MATERIAL PROVIDED
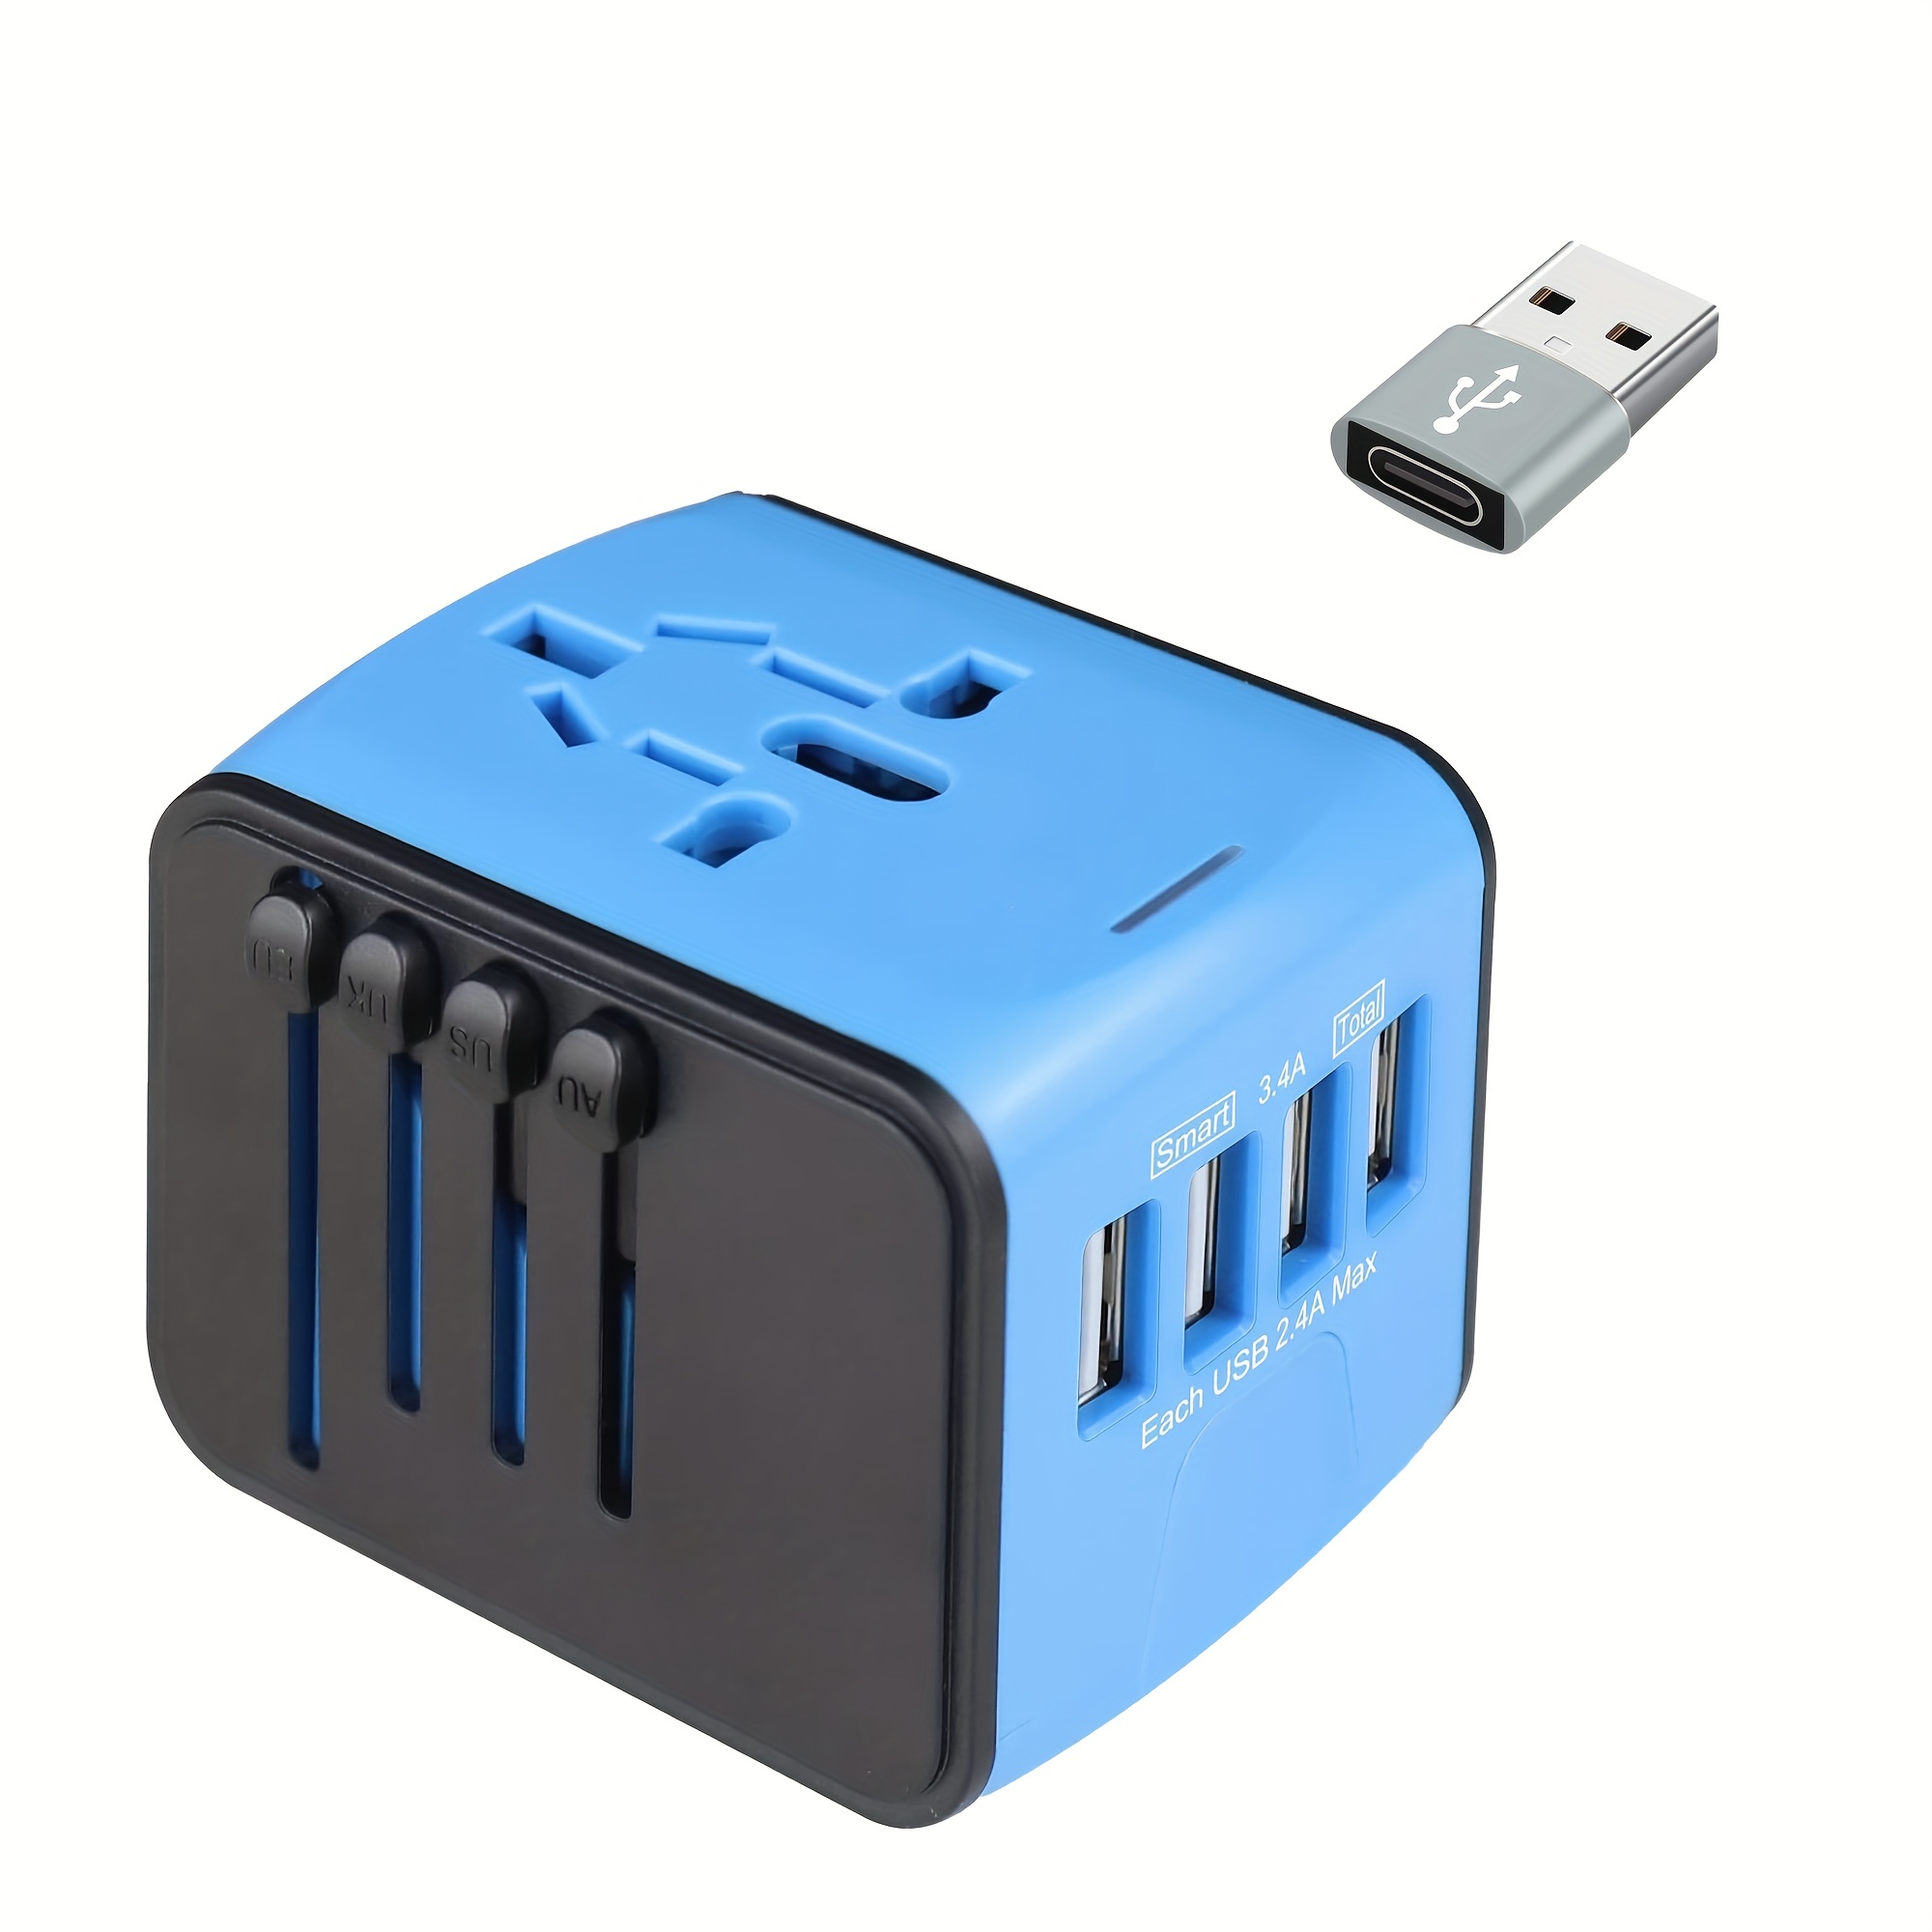 1pc International Travel Adapter Include One USBA To USBC Adapter,  Universal Power Adapter Worldwide All In One 4 USB Perfect For European US,  EU, UK
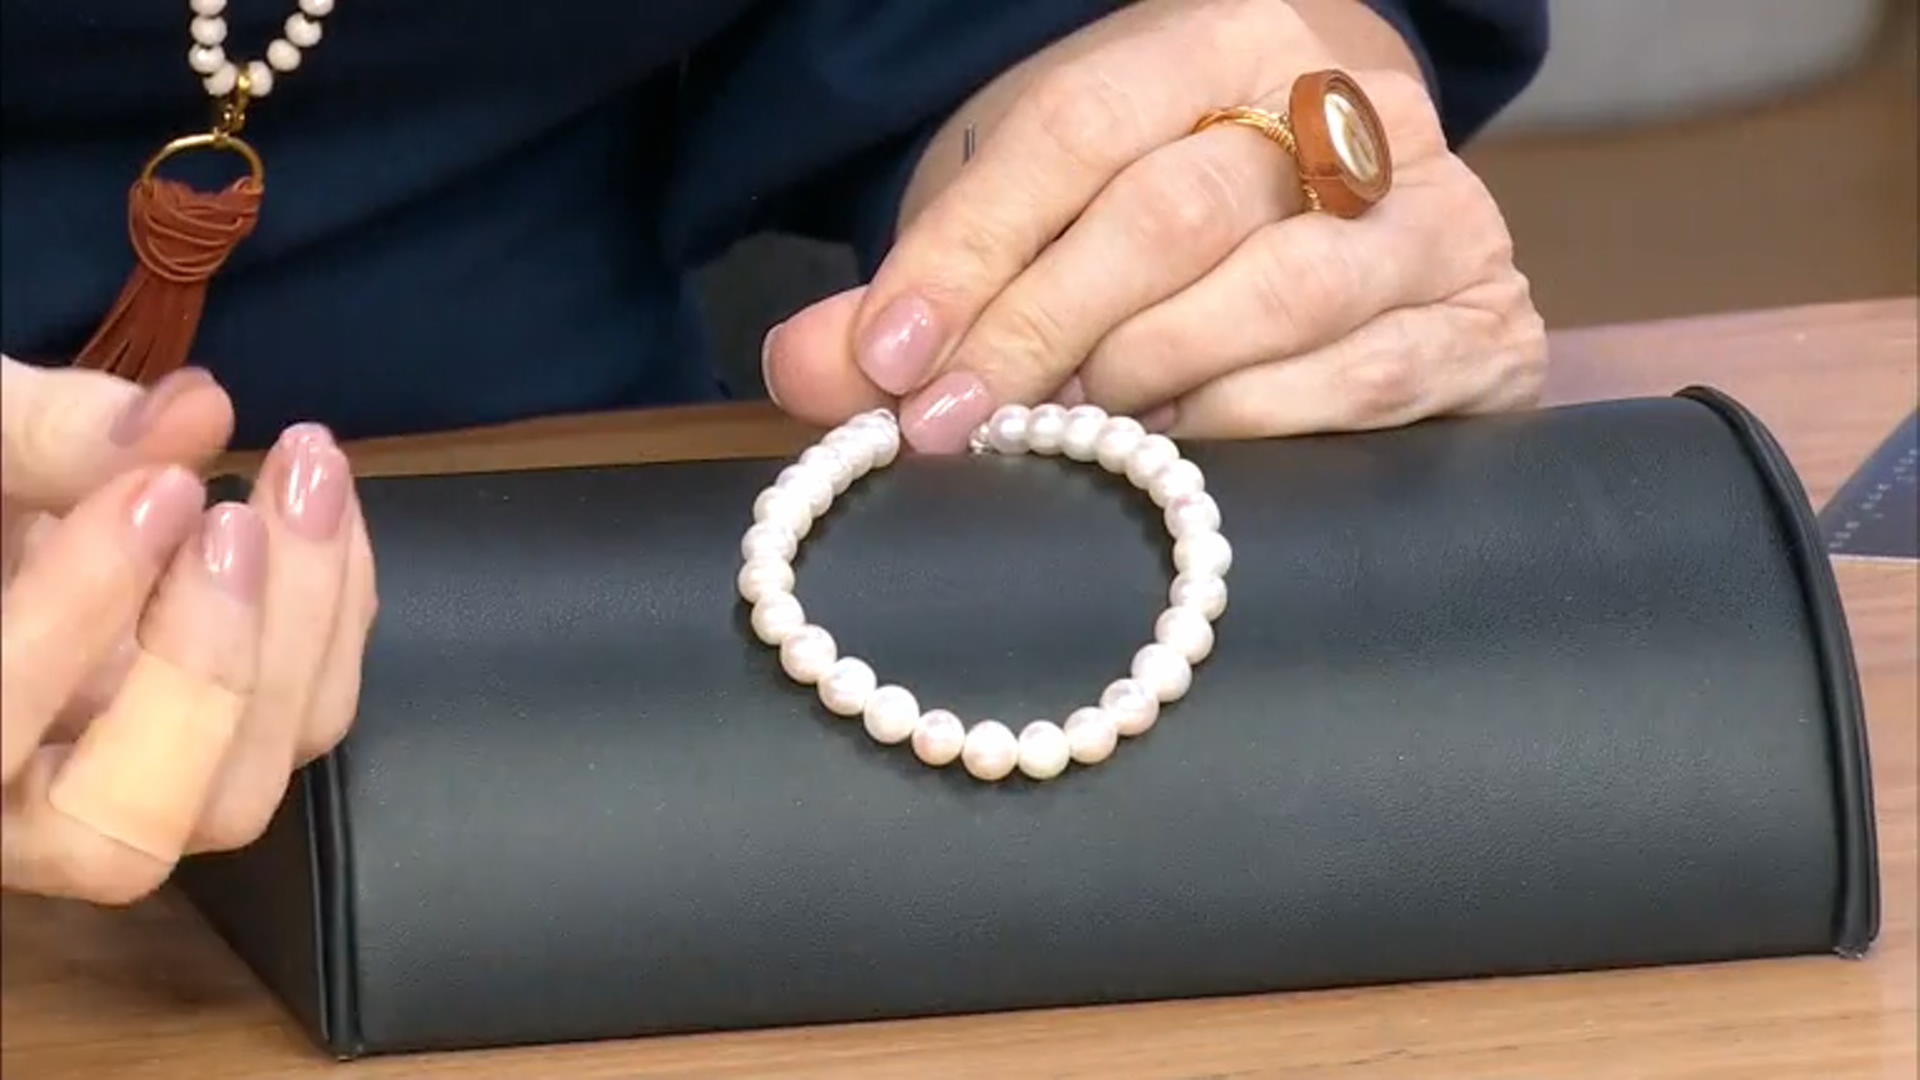 White Cultured Freshwater Pearl Large Hole Potato appx 8-9mm Shape Bead Strand appx 7.5-8" Video Thumbnail
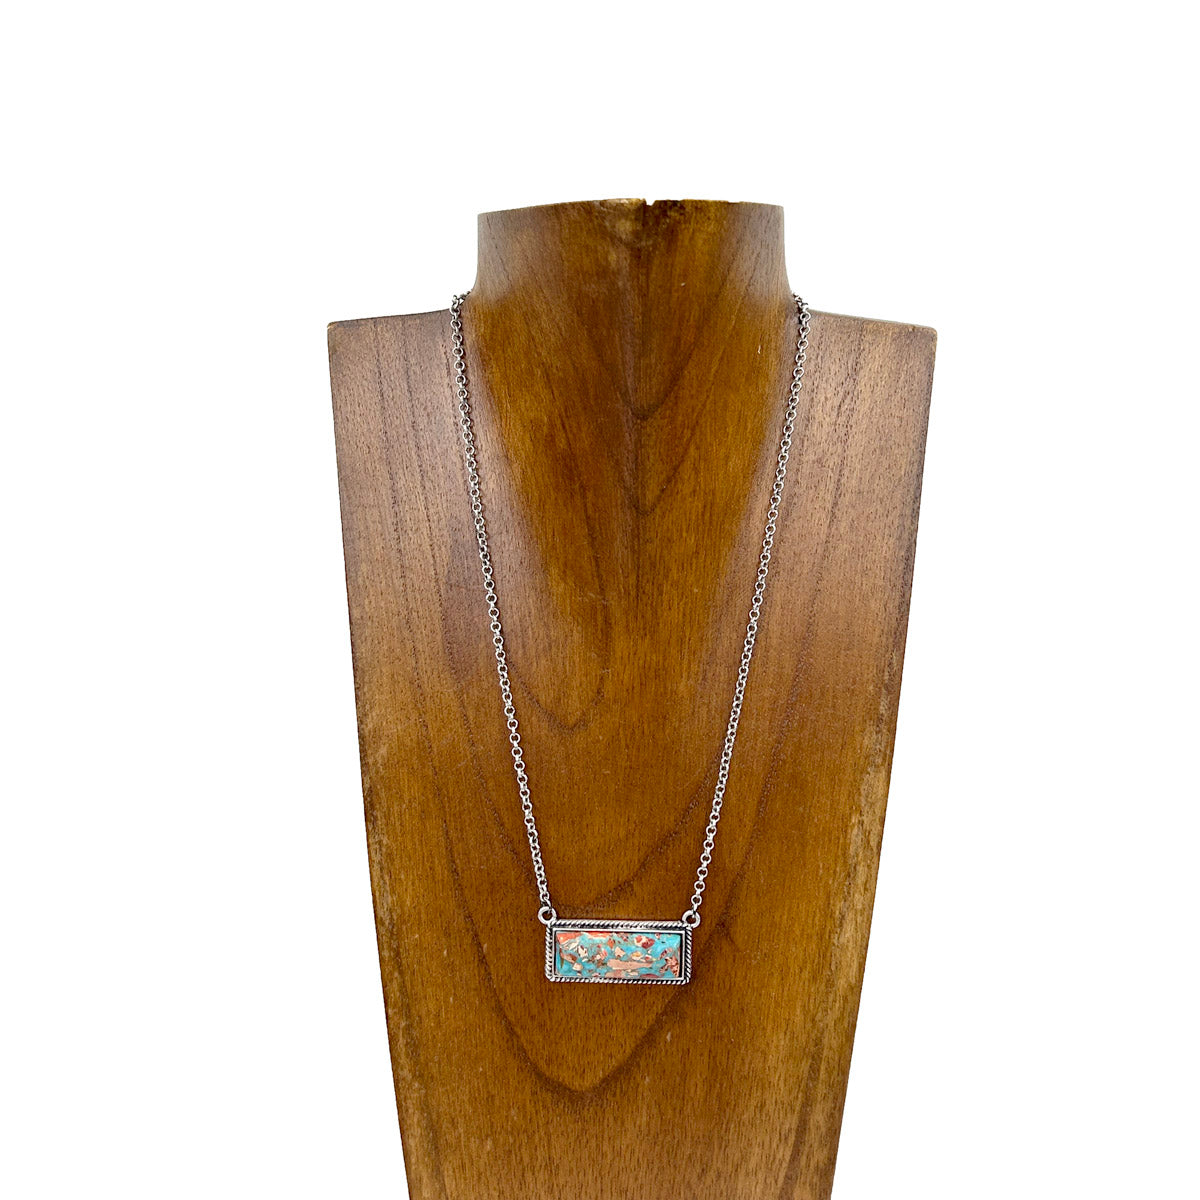 NKY230530-01-A           "Silver metal chain with oyster copper turquoise  triangle pendant Necklace"

WHAT NEEDS TO BE DONE
Your reply should consist of the data, transcribed exactly, and should hold no pictures.

WRITTEN SOLUTION
 1pc International Travel Adapter Include One USBA To USBC Adapter,  Universal Power Adapter Worldwide All In One 4 USB Perfect For European US,  EU, UK
 White Cultured Freshwater Pearl Large Hole Potato appx 8-9mm Shape Bead Strand appx 7.5-8" Video Thumbnail
 NKY230530-01-A           "Silver metal chain with oyster copper turquoise  triangle pendant Necklace"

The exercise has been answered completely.